> DIRECTIONS FOR THIS TASK
Print exactly the lines that run from the one containing "Freddie in a" to the final line of the data, both included, and print none of the pictures.

> SOURCE DATA
-------

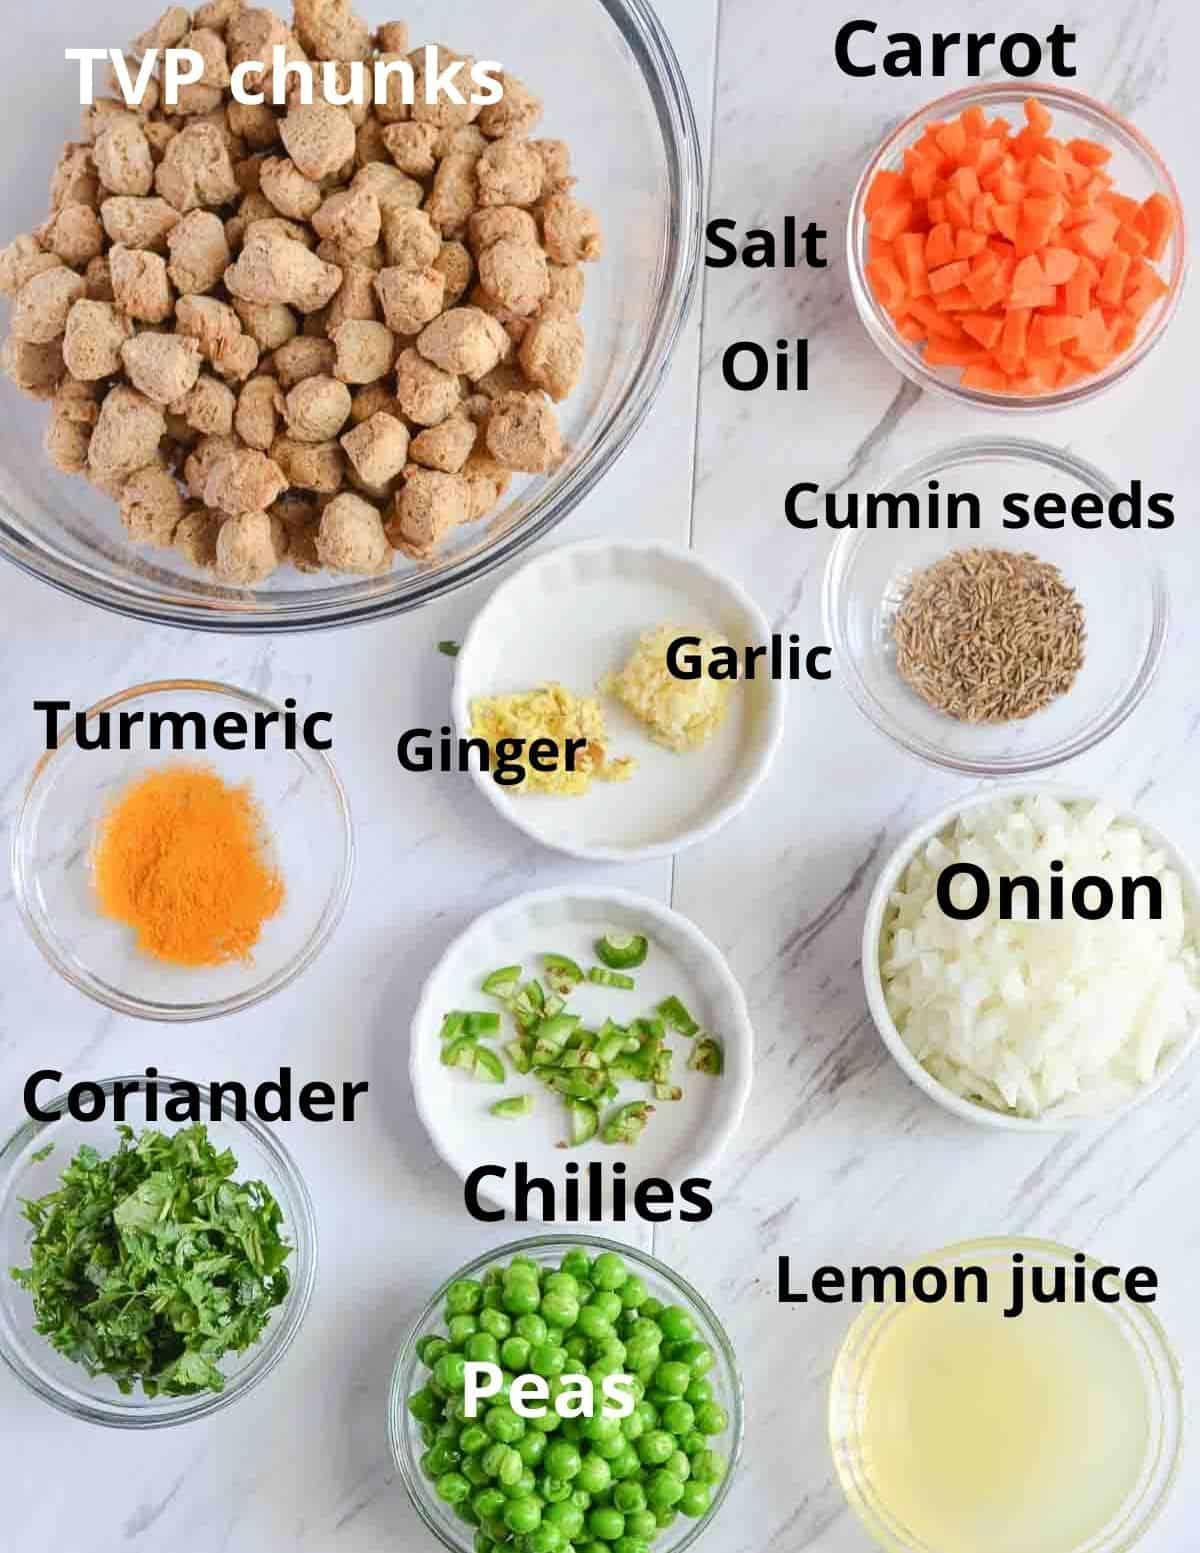 ingredients list to make textured vegetable protein breakfast scramble.
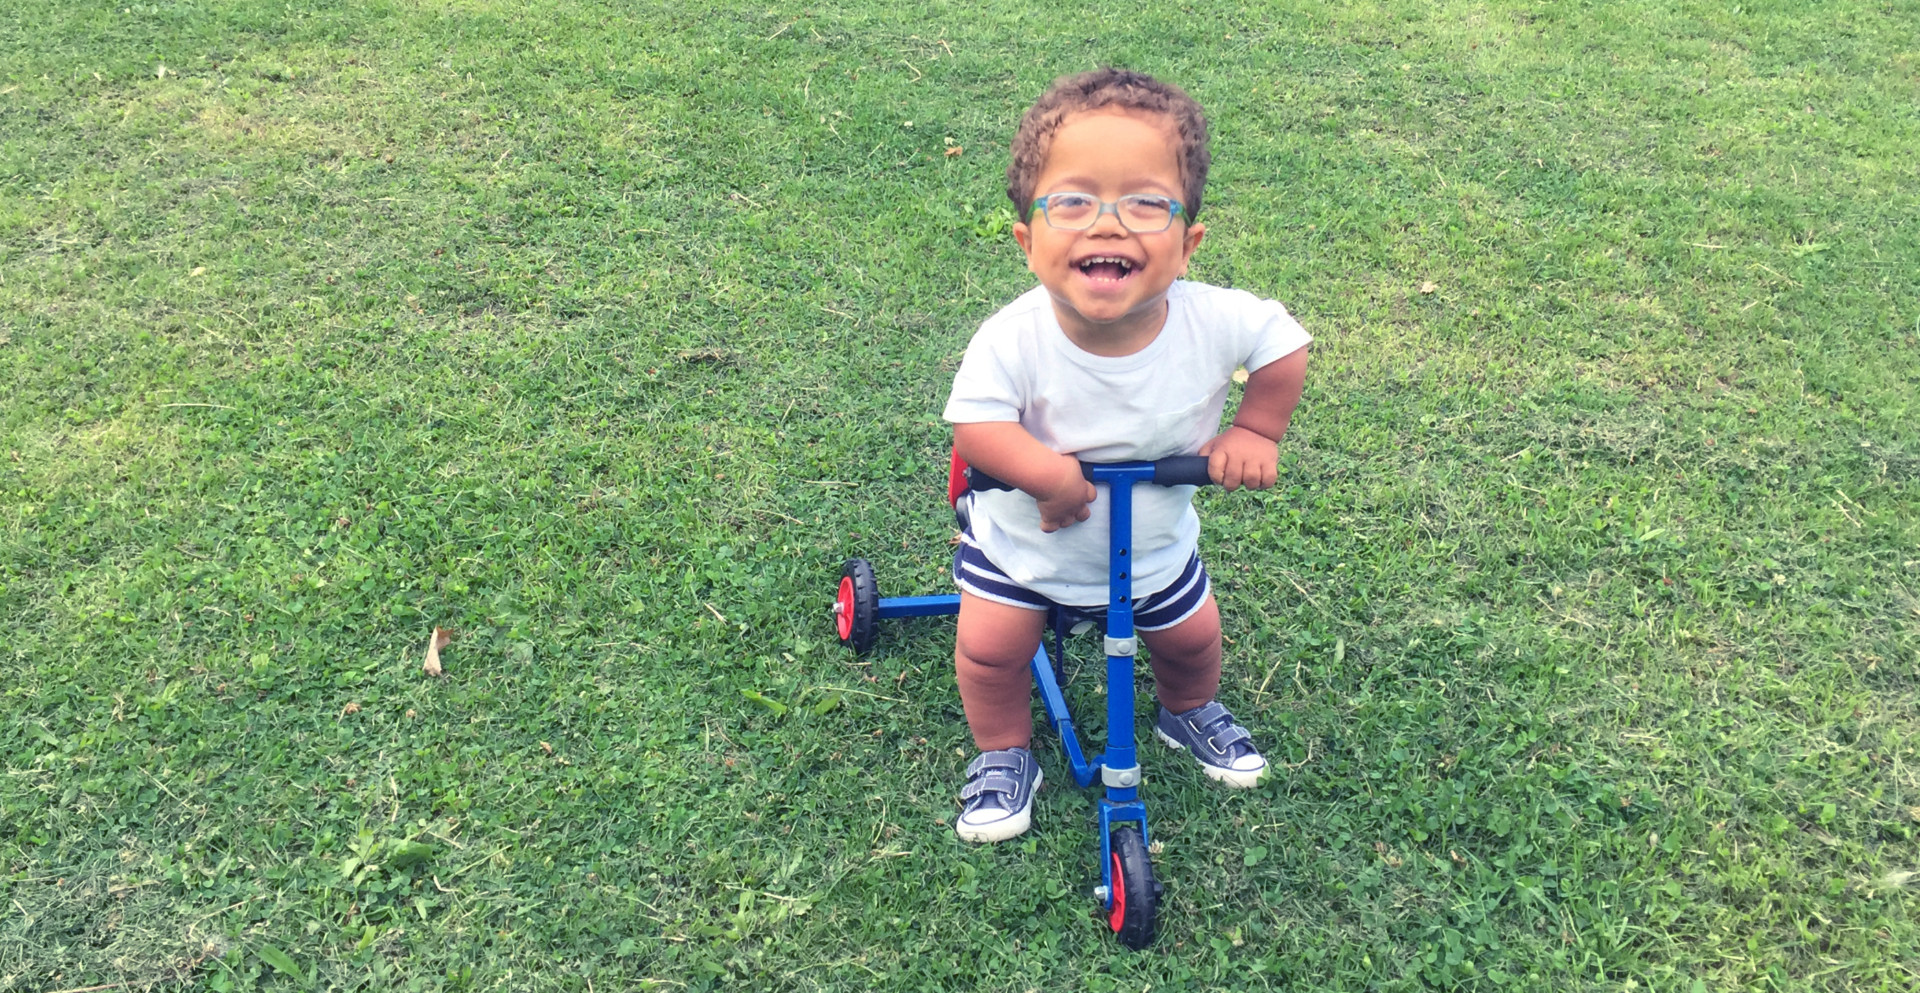 Freddie in a field with his Sit 'n' Ride tricycle
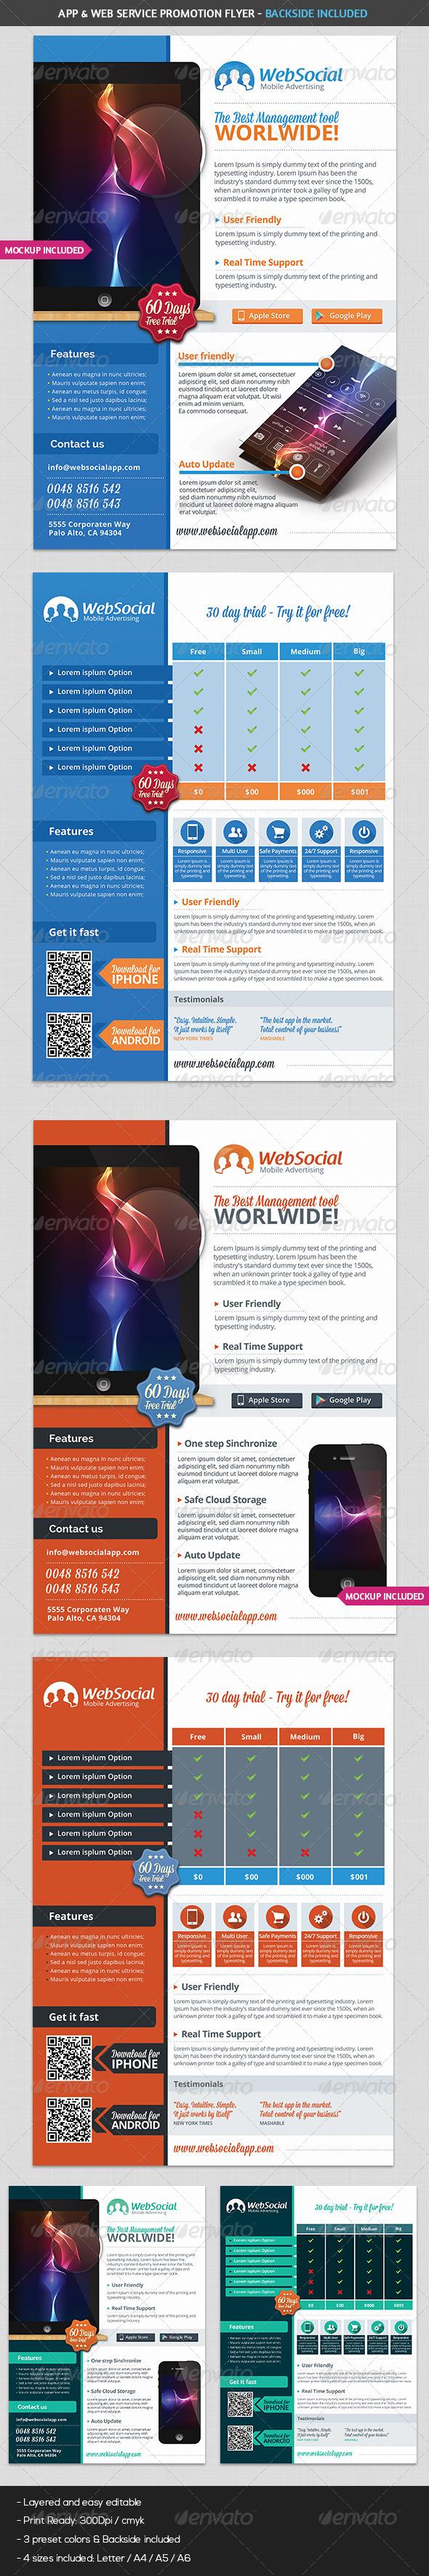 GraphicRiver App & Web Service Promotion Flyer 7503861
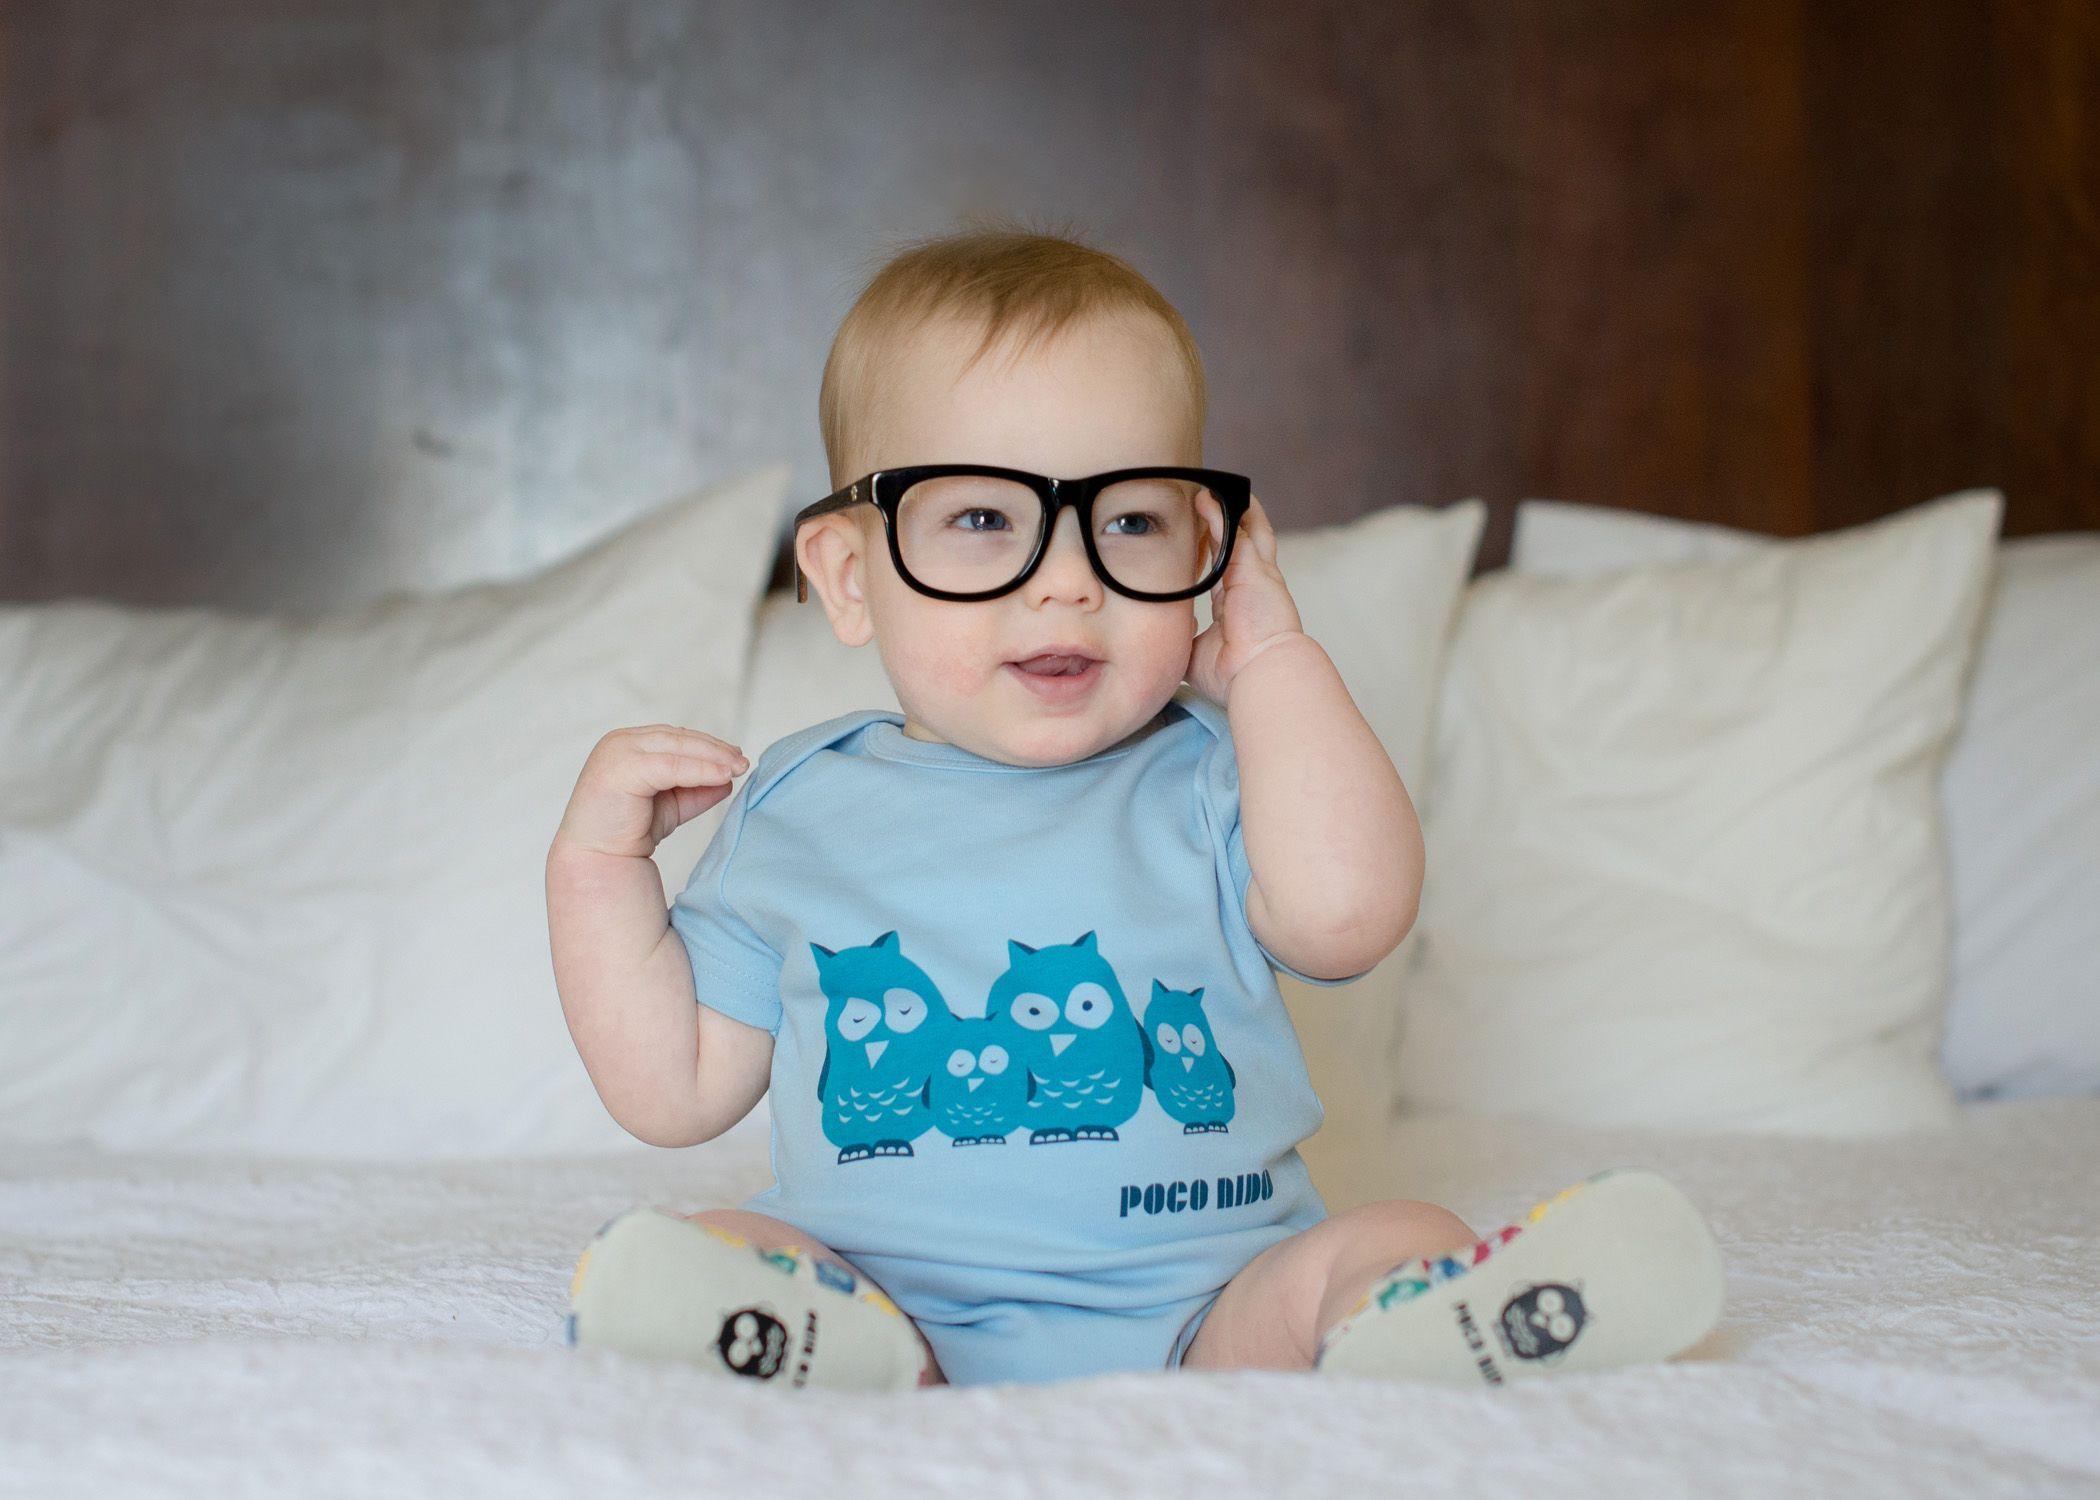 Poco Babyzimmer ~ Poco nido owls baby shoes and body suit poco nido

-------

> FINAL ANSWER
 Freddie in a field with his Sit 'n' Ride tricycle
 GraphicRiver App & Web Service Promotion Flyer 7503861
 Poco Babyzimmer ~ Poco nido owls baby shoes and body suit poco nido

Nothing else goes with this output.